The Tebhaga movement launched in 1946, in 24 Parganas district, aimed at securing for the share-croppers a better position within the existing land relation structure. Although the subsequent Bargadari Act of 1950 recognised the rights of bargadars to a higher share of crops from the land that they tilled, it was not implemented fully. Large tracts, beyond the prescribed limit of land ceiling, remained with the rich landlords. From 1977 onwards major land reforms took place in West Bengal. Land in excess of land ceiling was acquired and distributed amongst the peasants. Following land reforms land ownership pattern has undergone transformation. In 2013–14, persons engaged in agriculture in Khanakul CD Block could be classified as follows: bargadars 16.68%, patta (document) holders 2.75%, small farmers (possessing land between 1 and 2 hectares) 3.06%, marginal farmers (possessing land up to 1 hectare) 36.94% and agricultural labourers 40.57%.

Khanakul I CD Block had 89 fertiliser depots, 33 seed stores and 70 fair price shops in 2013–14.

In 2013–14, Khanakul I CD Block produced 3,263 tonnes of Aman paddy, the main winter crop from 1,513 hectares, 17,805 tonnes of Boro paddy (spring crop) from 6,389 hectares, 6,025 tonnes of Aus paddy (summer crop) from 2,544 hectares, 24 tonnes wheat from 10 hectares, 55,380 tonnes of jute from 2,600 hectares and 187,352 tonnes of potatoes from 11,426 hectares. It also produced oilseeds.

In 2013–14, the total area irrigated in Khanakul I CD Block was 12,283 hectares, out of which 2,500 hectares were irrigated by canal water, 1,500 hectares by tank water, 2,210 hectares by river lift irrigation, 1,290 hectares by deep tube wells and 4,783 hectares by shallow tube wells.

===Banking===
In 2013–14, Khanakul I CD Block had offices of 10 commercial banks and 1 gramin bank.

==Transport==
Khanakul I CD Block has 14 ferry services and 7 originating/ terminating bus routes. The nearest railway station is 20 km from CD Block headquarters.

==Education==
In 2013–14, Khanakul I CD Block had 175 primary schools with 16,735 students, 17 middle schools with 2,655 students, 13 high schools with 7,988 students and 14 higher secondary schools with 18,570 students. Khanakul I CD Block had 1 general colleges with 2,485 students, 1 technical/ professional institution with 91 students and 358 institutions for special and non-formal education with 11,498 students

Raja Rammohan Roy Mahavidyalaya, a general degree college, was established at Radhanagore in 1964.

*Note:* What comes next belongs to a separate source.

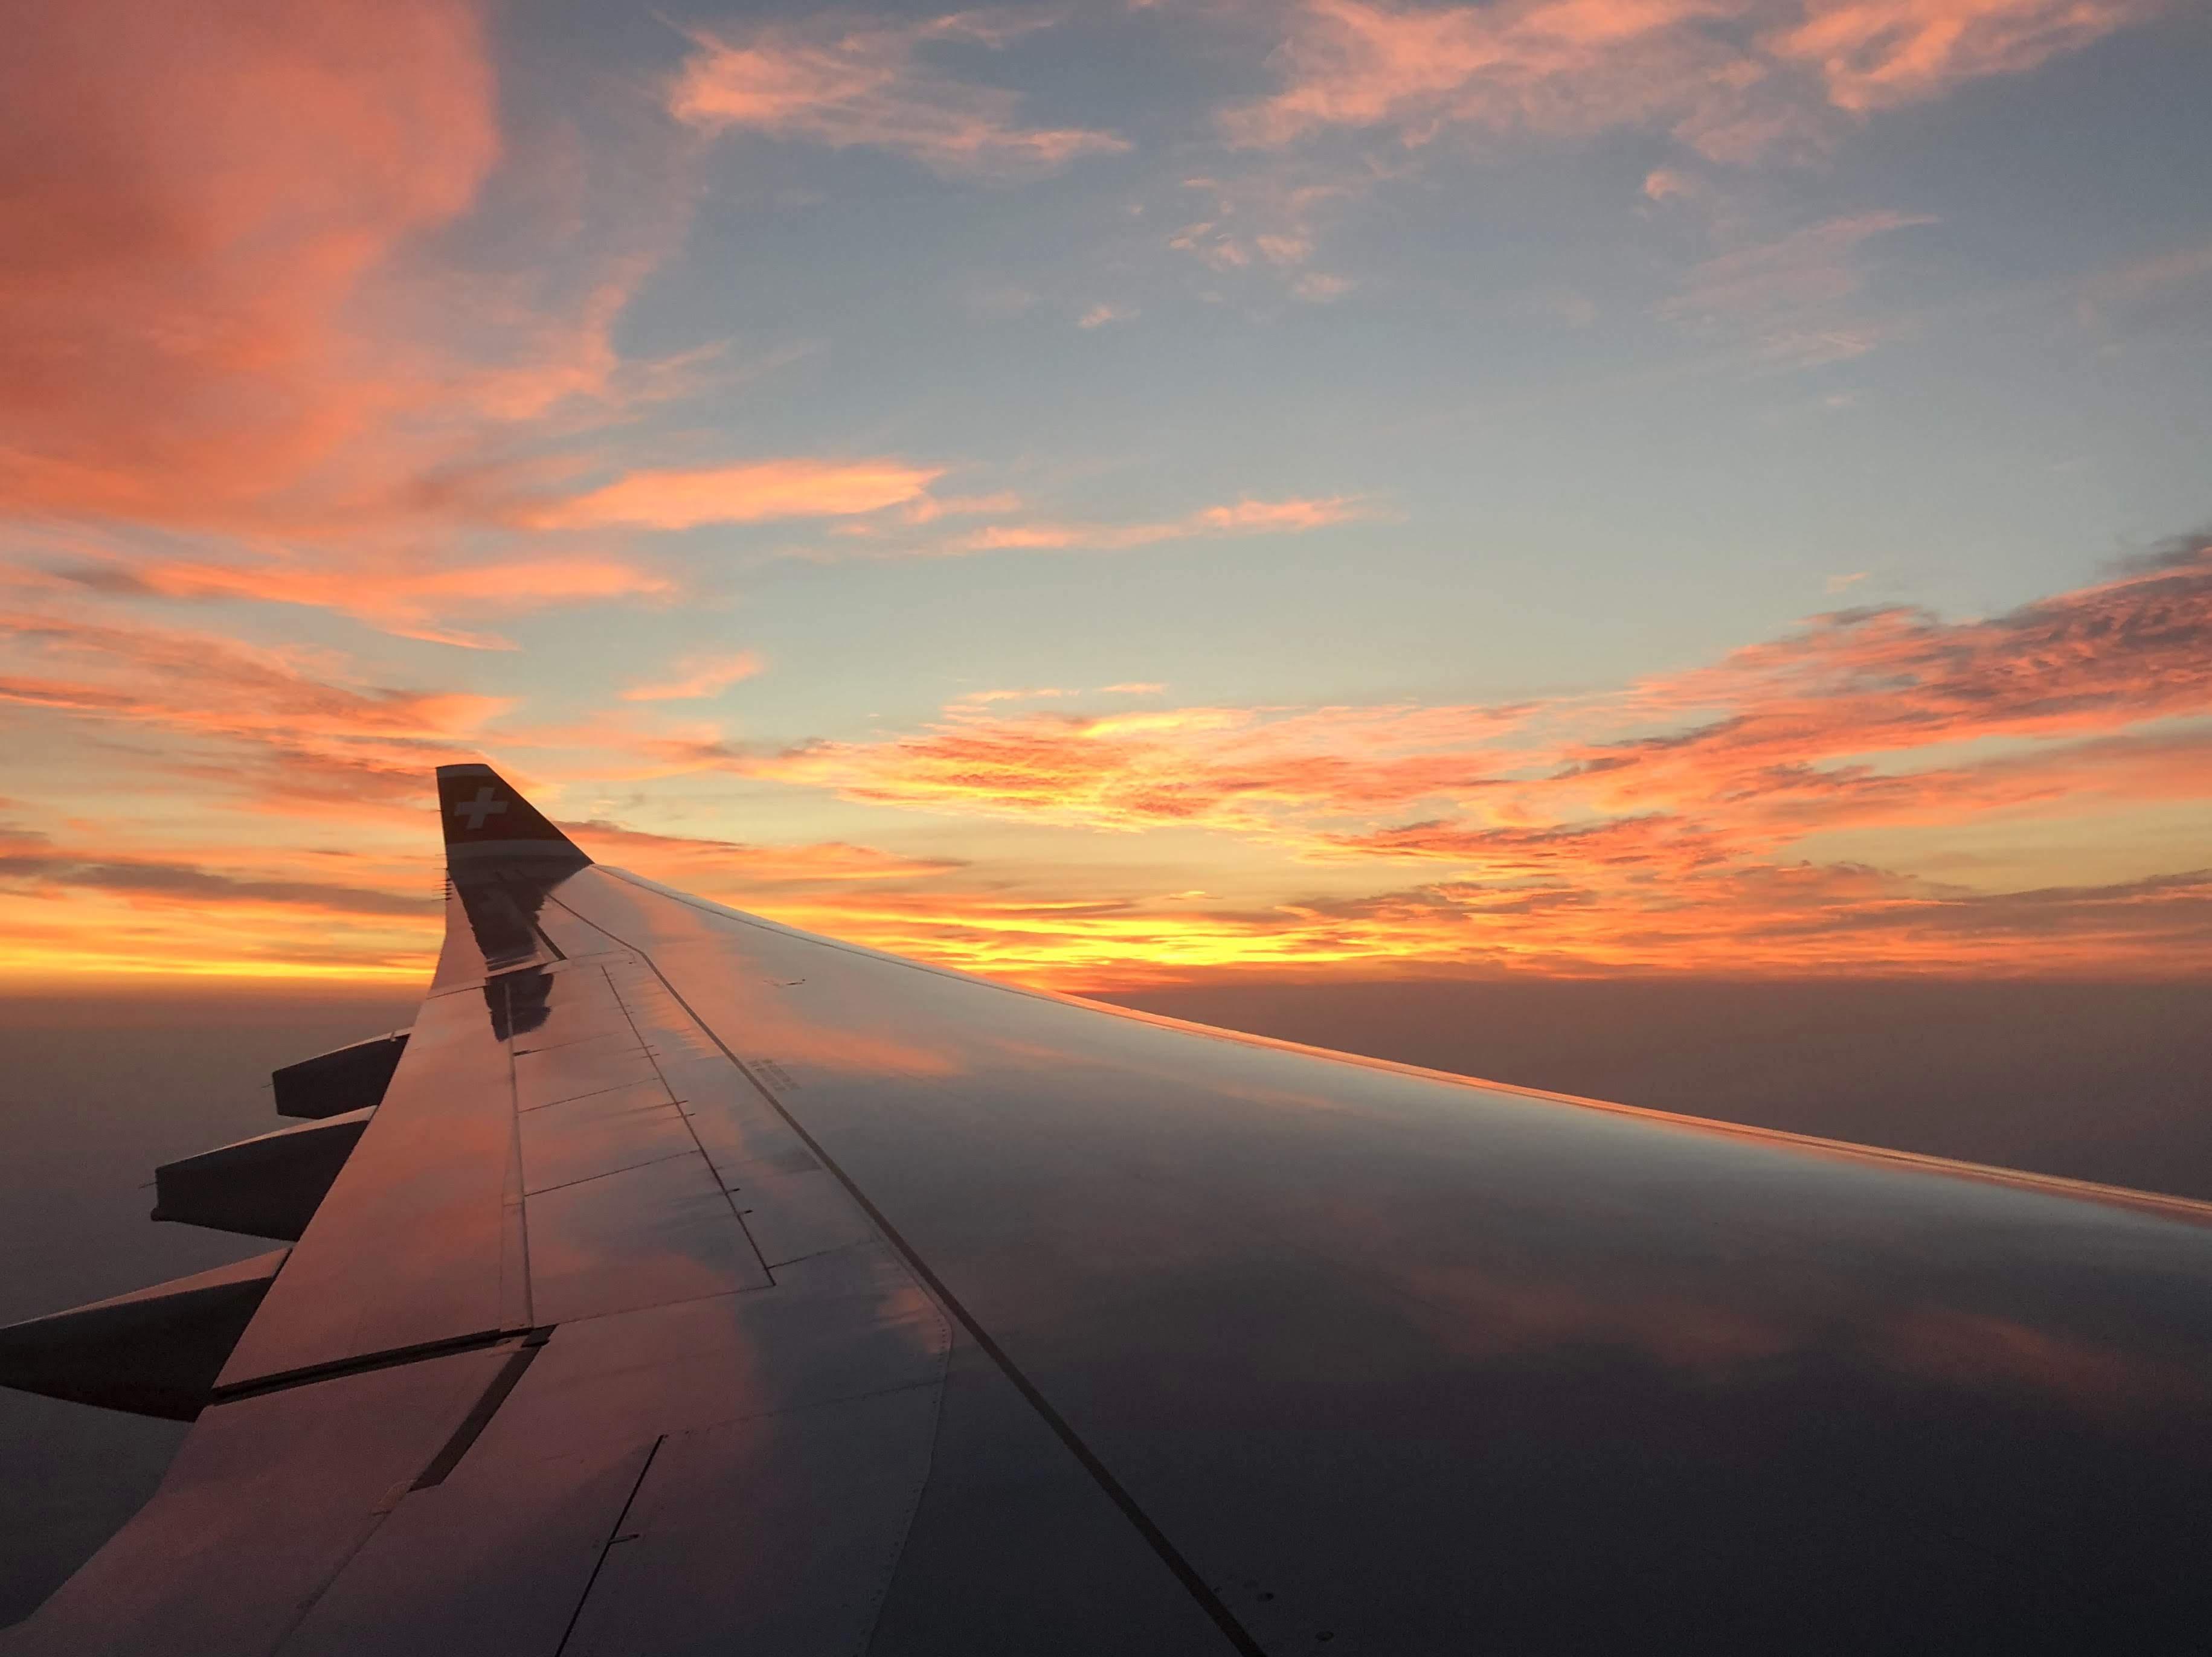 gray aircraft flying during orange sunset

In Khanakul I CD Block, amongst the 93 inhabited villages, only 1 village had no school, 65 villages had more than 1 primary school, 47 villages had at least 1 primary school, 45 villages had at least 1 primary and 1 middle school and 28 villages had at least 1 middle and 1 secondary school.

==Healthcare==
In 2014, Khanakul I CD Block had 1 rural hospital, 3 primary health centre and 4 private nursing homes with total 95 beds and 5 doctors (excluding private bodies). It had 40 family welfare subcentres. 25,279 patients were treated indoor and 251,364 patients were treated outdoor in the hospitals, health centres and subcentres of the CD Block.

Khanakul I CD Block has Khanakul Rural Hospital (with 60 beds) at Khanakul, Ghoshpur Primary Health Centre at PO Pilkhan (with 10 beds), Tantisal PHC (with 10 beds) and Harimohan Golap Sundari PHC at PO Raghunathpur (with 4 beds).

Khanakul I CD Block is one of the areas of Hooghly district where ground water is affected by high level of arsenic contamination. The WHO guideline for arsenic in drinking water is 10 mg/ litre, and the Indian Standard value is 50 mg/ litre. In Hooghly district, 16 blocks have arsenic levels above WHO guidelines and 11 blocks above Indian standard value. The maximum concentration in Khanakul I CD Block is 390 mg/litre.